##### Dataset section
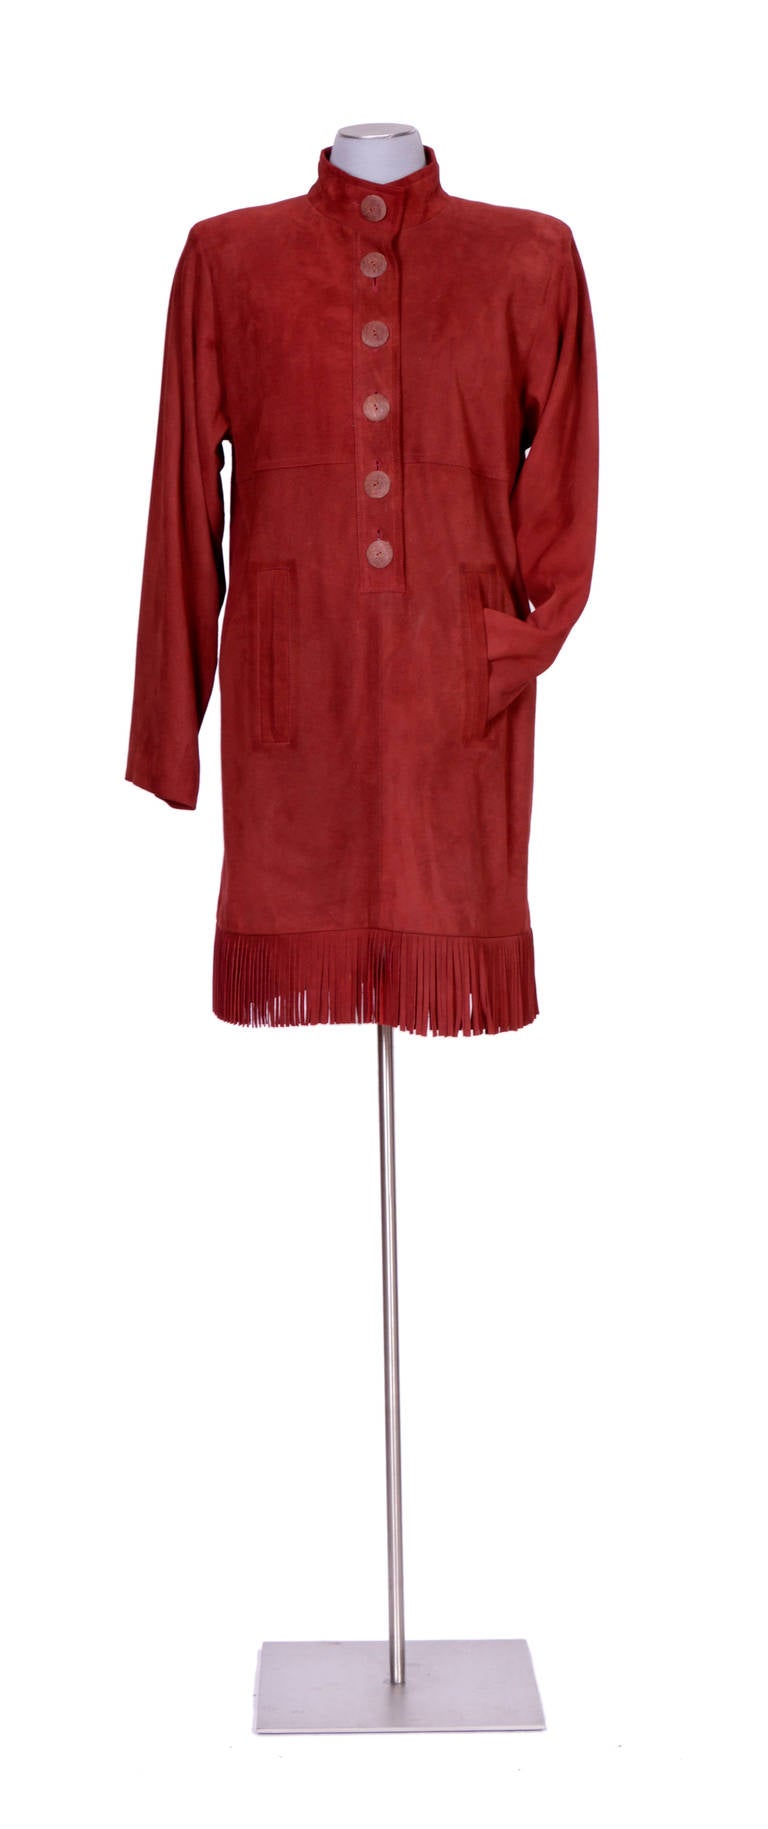 Amazing Yves Saint Laurent vintage 70's lamb suede dress, fringed hemline, slide pockets,dark red wine colour...... in excellent condition.
French size 40. 
Measurements taken flat in inches : Sh to Sh 17
##########
*Exercise description*.
Each line above is to be duplicated exactly, and the pictures are to be omitted.

*Solution below*.
 Amazing Yves Saint Laurent vintage 70's lamb suede dress, fringed hemline, slide pockets,dark red wine colour...... in excellent condition.
French size 40. 
Measurements taken flat in inches : Sh to Sh 17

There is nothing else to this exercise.